A first step on harmonizing meteorological and hydrological data in the EDI data repository was a workshop on the “Next generation climate/hydrological data products” (March 12-14, 2019) at the University of New Mexico in Albuquerque, NM. The workshop was jointly organized by EDI, LTER and the Forest Service with the goal of developing a strategy for harmonizing weather, climate and hydrological data that are currently located in the EDI data repository and in the ClimDB/HydroDB (a centralized server to provide open access to long-term meteorological and streamflow records from a collection of research sites).

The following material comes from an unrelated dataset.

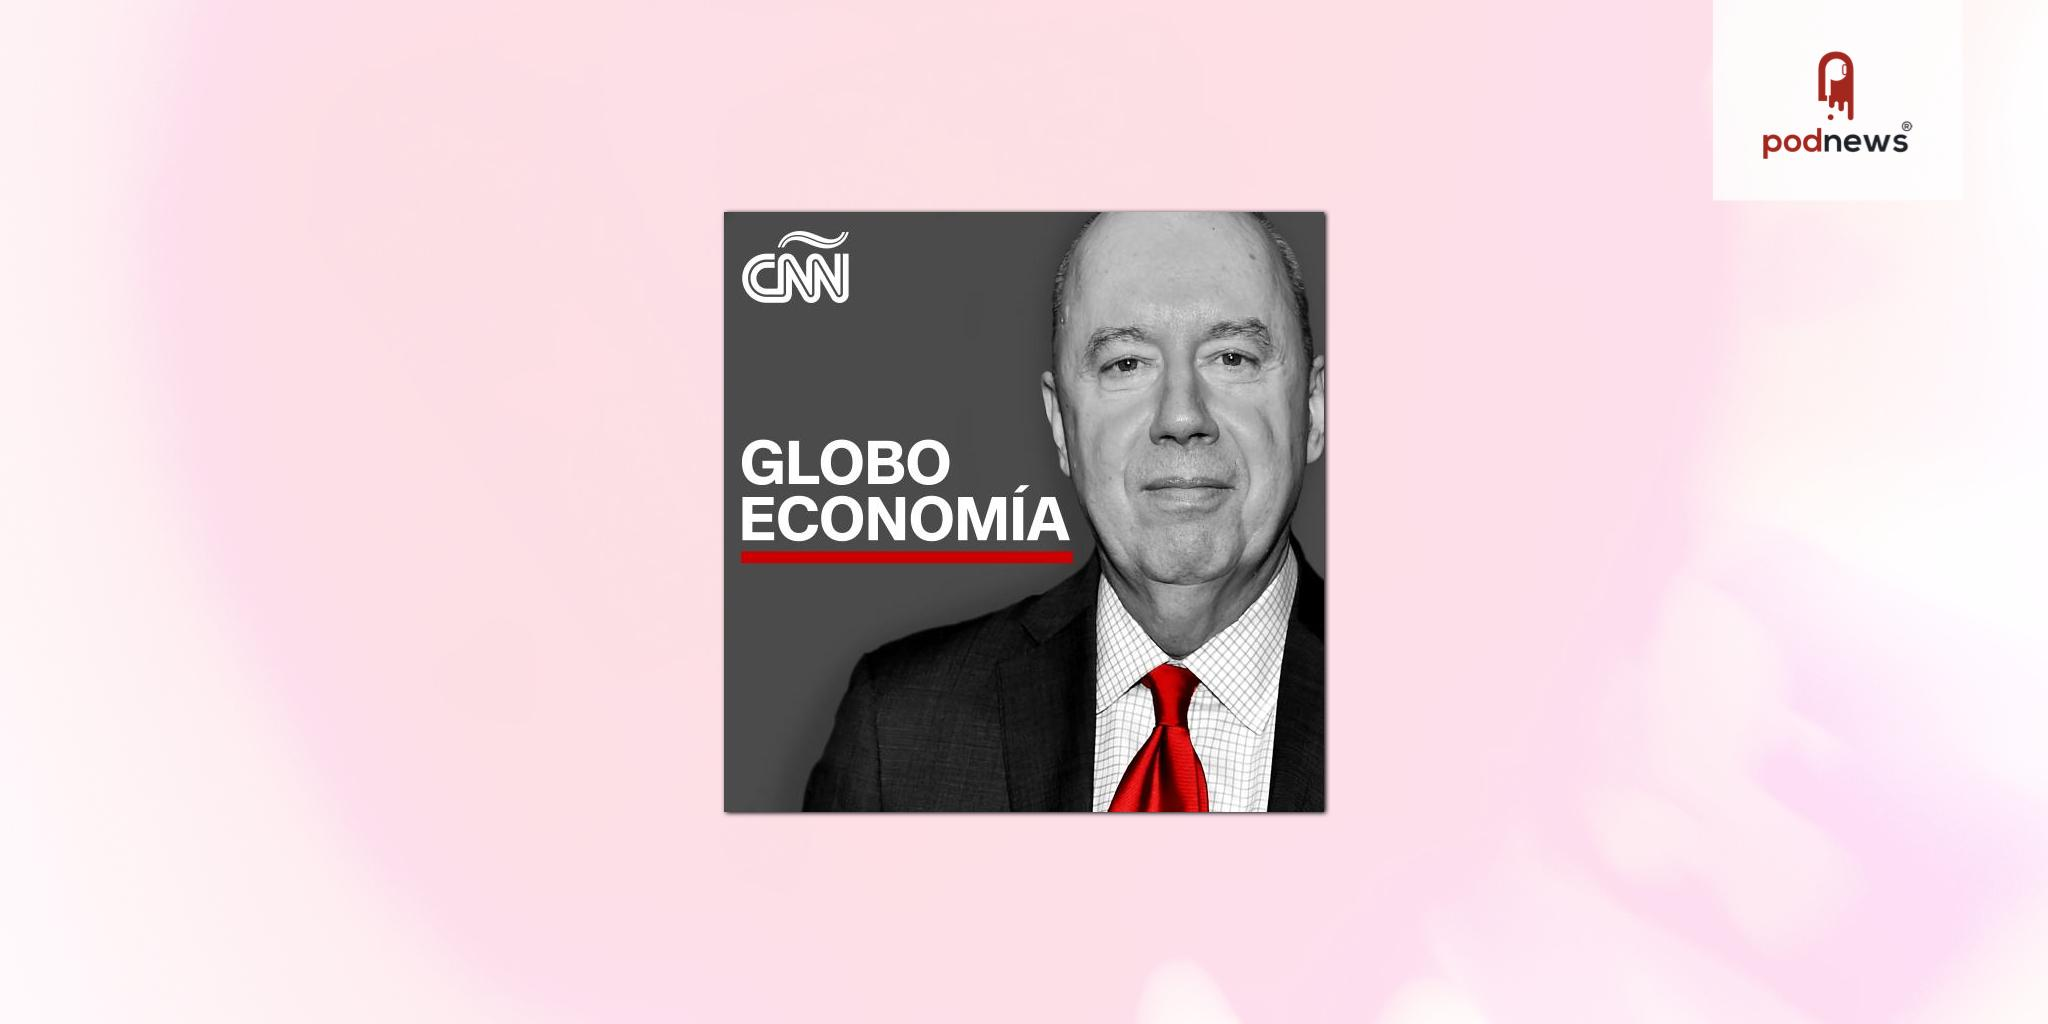 CNN en Español's Podcast roster adds GloboEconomia

The necessity arose from the fact that the ClimDB/HydroDB software is aging and too difficult to maintain. Also, available data are limited in terms of parameters and time resolution. The group decided to archive all data currently residing in ClimDB/HydroDB in the EDI data repository, to convert (harmonize) the data into a common data model and continue the ClimDB/HydroDB functionality into the future with other software products that support visualization, filtering and analysis of the data packages.
A data harmonization framework, developed by EDI will be used that is currently successfully applied to designing data packages for community survey data: ecocomDP. Figure 1 shows a schematic of the concept. Archived raw data (level 0 – L0) are converted to a common harmonized data model (level 1 – L1). The L1 data allow for a straightforward data discovery and conversion into derived data products (level 2 – L2) in support of synthesis and other cross site studies.
A number of data models commonly used in the research community for harmonizing meteorological and hydrological data were reviewed and discussed. The group suggested to evaluate the ODM data model for time series data as the L1 data model. The ODM was developed and is widely used by the Consortium of Universities for the Advancement of Hydrologic Science (CUHASI). CUAHSI is a data platform with a workspace that provides tools for visualization, analysis and might provide some of the ClimDB/HydroDB plotting functionality. The groups intent is to develop other software products for visualization through online hackathons.
A first draft of a workflow was designed for converting all ClimDB/HydroDB products (L0) as well as meteorological and hydrological data in the EDI repository (raw L0) archive those in the EDI data repository as L1 data packages. If the ODM data model is adopted, the data packages will also be available in CUAHSI, hopefully with comparable functionality to ClimDB/HydroDB (see figure 2 for the conceptual workflow).
Wade Sheldon demonstrated how the GCE Data Toolbox can be applied for the conversion of L0 data packages to the L1 data model. Margaret O’Brien led the discussion on semantic mappings between important terms in different vocabularies used for archiving meteorological and hydrological data (ClimDB/HydroDB, LTER, AMS, ENVO, CF, EnvThes, ODM, NCEI), in order to pick a candidate vocabulary for the L1 data model (initially CUAHSI ODM vocabulary). Vocabularies are important for defining suitable keywords at the data package level and thereby enhance data discoverability in the EDI repository and via Google’s data search.
- Strategic workshop on “Next generation climate/hydrological data products” (organized by EDI, LTER, Forest Service) for developing a strategy on harmonizing weather, climate and hydrological data in the EDI data repository and ClimDB/HydroDB (University of New Mexico, Albuquerque, NM, March 2019).
- The results of the workshop were presented at an LTER Information Manager Water Cooler, April 9, 2019.
- EDI webinar on June 18, 2019 “CUAHSI Tools for Data Management”, speaker: Martin Seul, Technical Director CUAHSI.
- Working Session at ESIP Summer Meeting (Tacoma, WA, July 2019): “Preparing climate and hydrological time series data for submission to CUAHSI”. Moderator: Corinna Gries (EDI); Speakers: M. Seul, W. Sheldon, M. O’Brien (EDI), S. Remillard.